Performance is abysmal and takes 6 minutes to run in my VM (on a real server with more cores it was still taking 2-3 minutes to run). Unacceptable!

After reading numerous complaints online about slow XML I started playing around with some of the suggestions:

  • Put the XML into a variable.
  • Shred the XML rows into a temp table.

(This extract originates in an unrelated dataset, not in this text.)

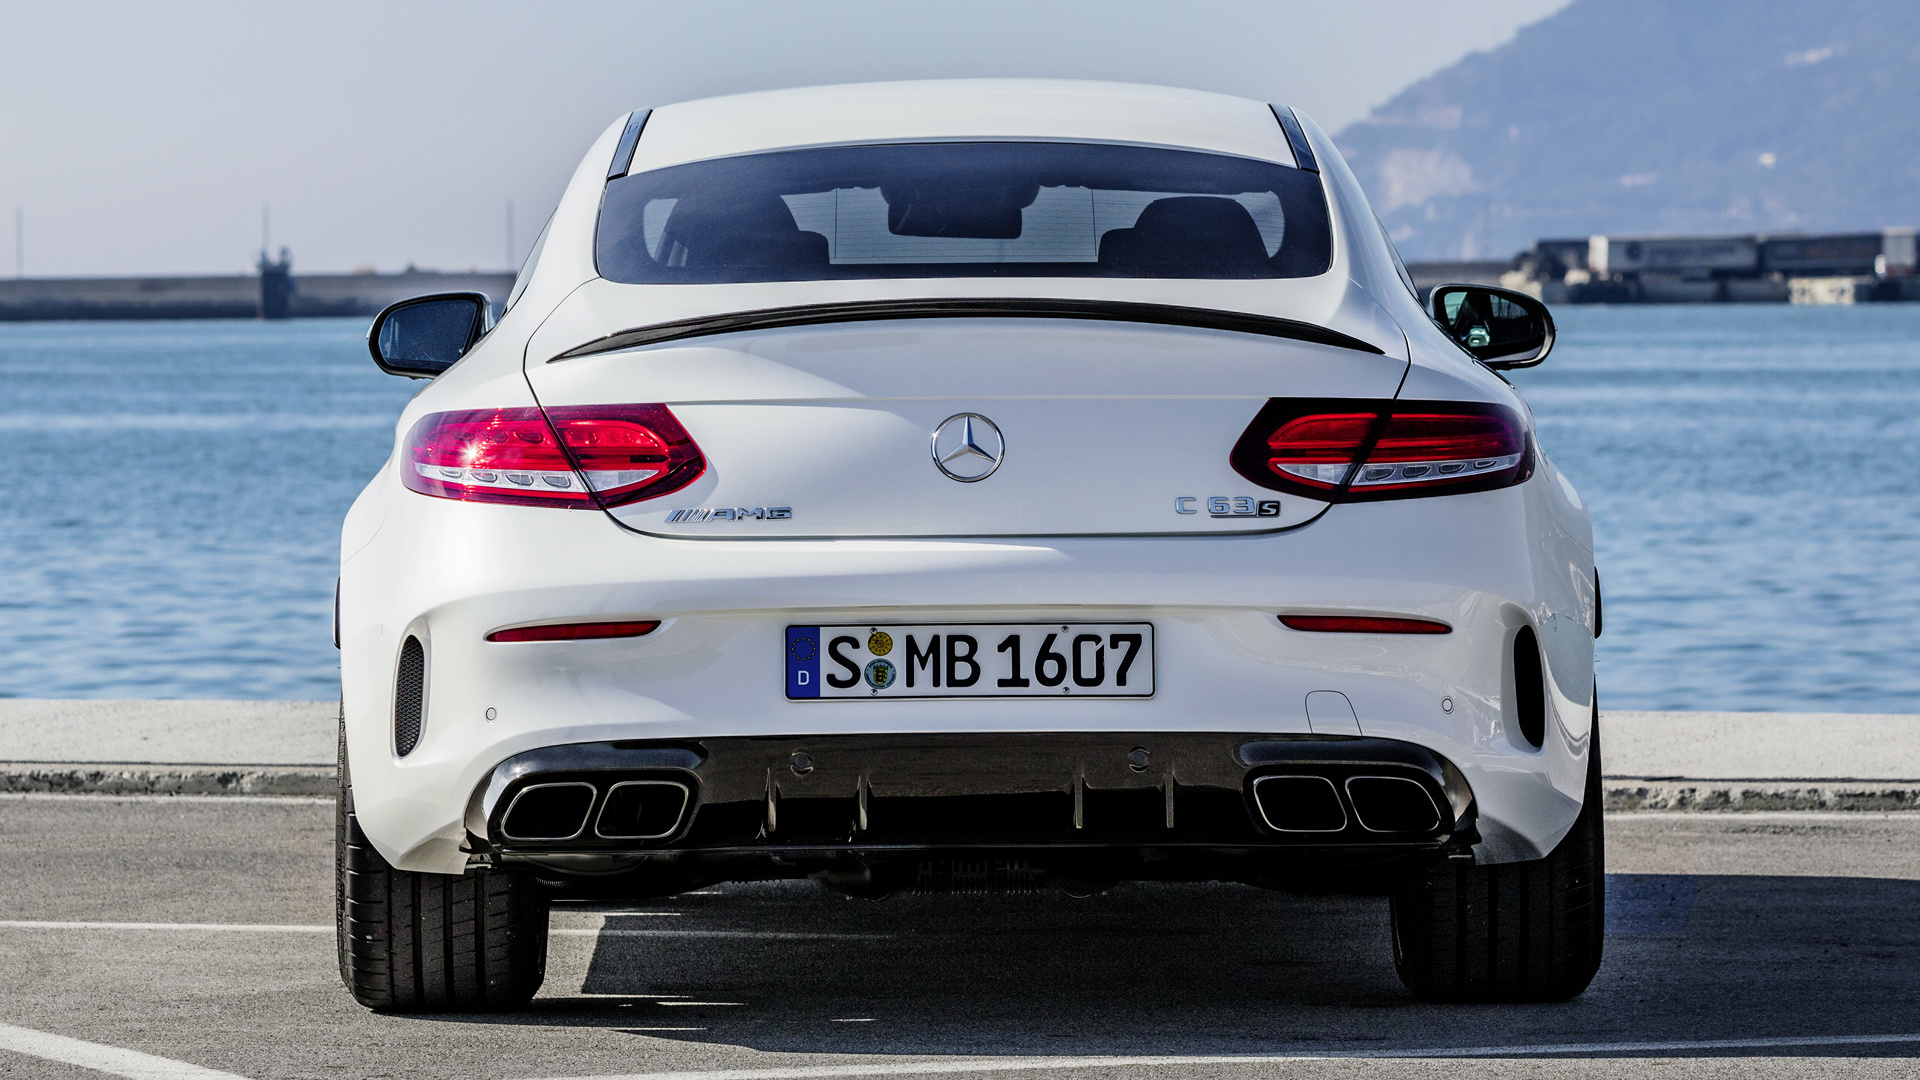 2018 Mercedes Amg C 63 S Coupe Papel De Parede Hd Plano De Fundo 1920x1080 Id 926590 Wallpaper Abyss
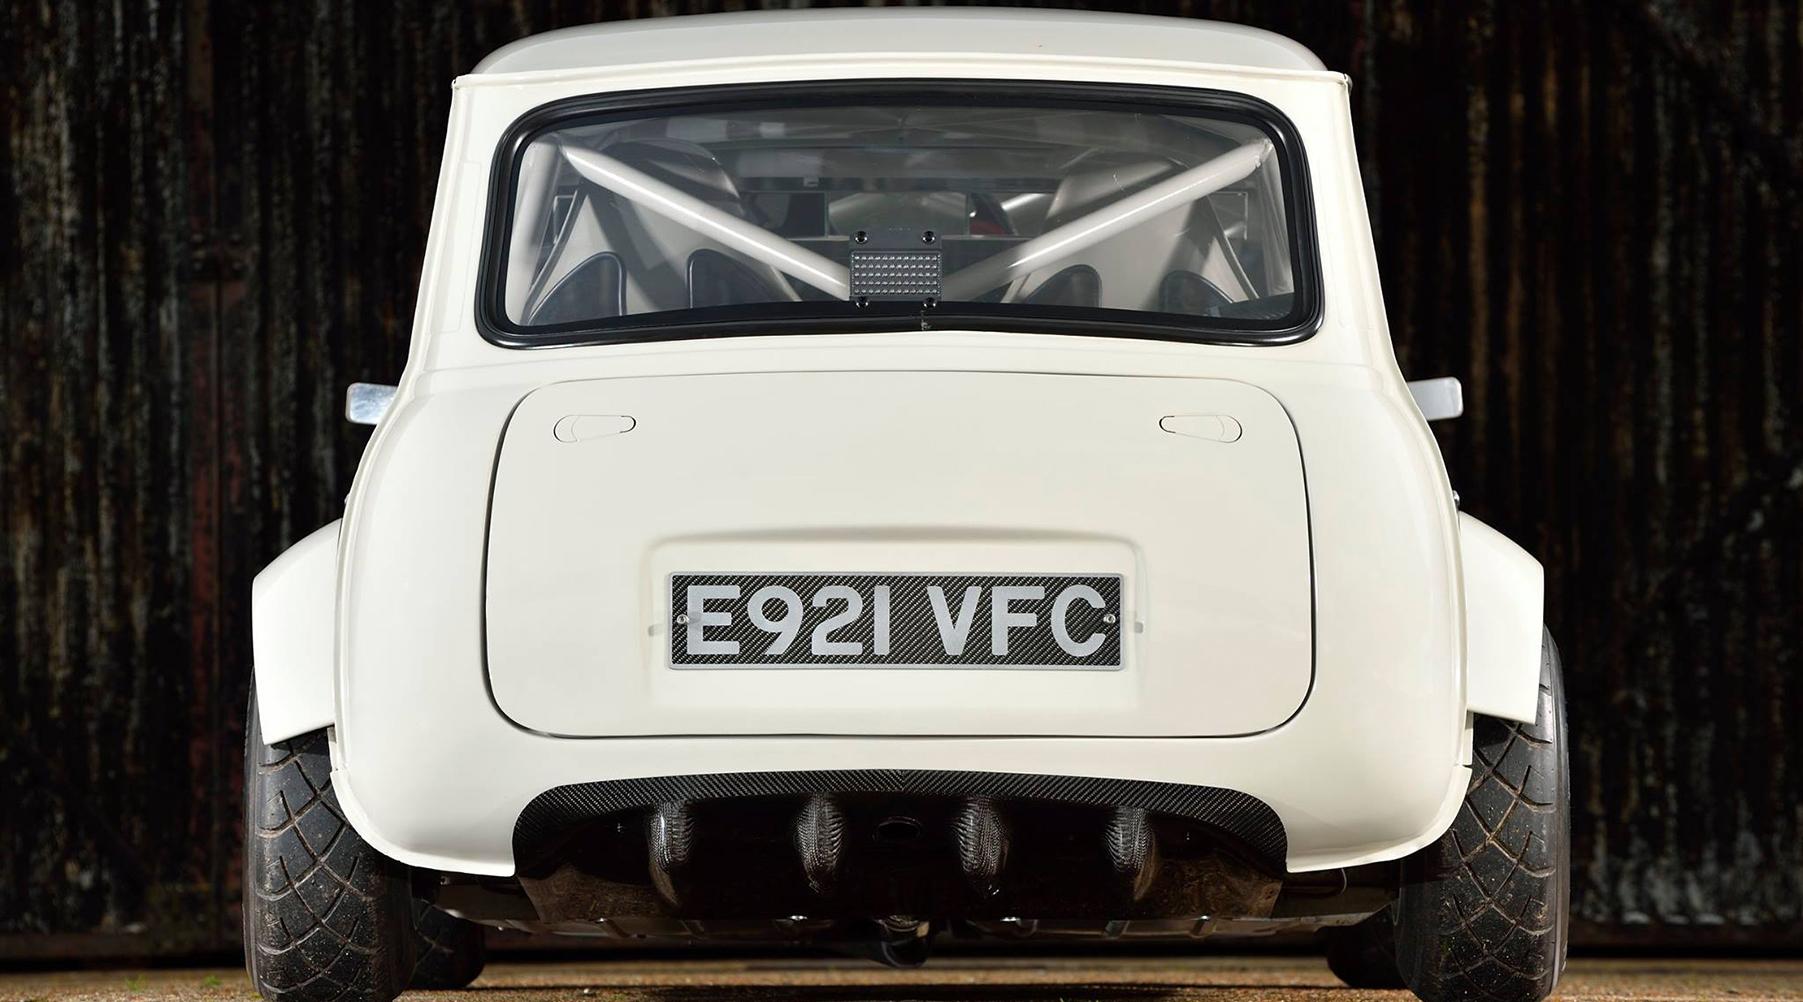 Alan Carruthers' Amazing bike engined mini

I found that I only received performance benefits when I used both together. This is what I ended up using:

If Object_Id('tempdb..#Xml') Is Not Null
    Drop Table #Xml
 
Create Table #Xml (
    [Id] Int Identity(1, 1) Primary Key,
    [Event] Xml Not Null
)
 
Declare @Xml Xml
Select  @Xml = Cast(target_data As Xml)
From    sys.dm_xe_sessions s
Join    sys.dm_xe_session_targets st
On      s.address = st.event_session_address
Where   s.name = 'Query_Timeouts'
And     st.target_name = 'ring_buffer'
 
Insert  #Xml (Event)
Select  c.query('.') As Event
From    @Xml.nodes('RingBufferTarget/event') As b(c)
-- Option (Optimize For (@Xml = Null)) -- Allegedly useful for SQL 2008

Select  Switchoffset(Event.value('(event/@timestamp)[1]', 'datetimeoffset'), Datepart(Tzoffset, Sysdatetimeoffset())) As timestamp_adjusted,
        Event.value('(event/@name)[1]', 'nvarchar(50)') As event_name,
        Event.value('(event/action[@name = ''client_hostname'']/value)[1]', 'varchar(32)') As client_hostname,
        Event.value('(event/action[@name = ''server_principal_name'']/value)[1]', 'varchar(128)') As server_principal_name,
		Nullif(Event.value('(event/action[@name = ''plan_handle'']/value)[1]', 'varchar(88)'), Replicate('0', 88)) As plan_handle,
		query_hash, -- These need to be converted later
		query_plan_hash, -- These need to be converted later
        Event.value('(event/action[@name = ''database_name'']/value)[1]', 'nvarchar(128)') As database_name,
        Coalesce(Event.value('(event/data[@name = ''batch_text'']/value)[1]', 'nvarchar(max)'), Event.value('(event/data[@name = ''statement'']/value)[1]', 'nvarchar(max)')) As query,
        Event.value('(event/data[@name = ''result'']/text)[1]', 'nvarchar(50)') As result,
        Event.value('(event/data[@name = ''duration'']/value)[1]', 'bigint') / 1000000.0 As duration_s
From    #Xml
Outer Apply (
		Select	Nullif(Event.value('(event/action[@name = ''query_hash'']/value)[1]', 'decimal(20)'), 0) As query_hash,
		        Nullif(Event.value('(event/action[@name = ''query_plan_hash'']/value)[1]', 'decimal(20)'), 0) As query_plan_hash
		) a
Order By 1

That's an improvement of 6m down to 1s. I'd sure like to know how to improve performance of the first XML query without all the additional code though.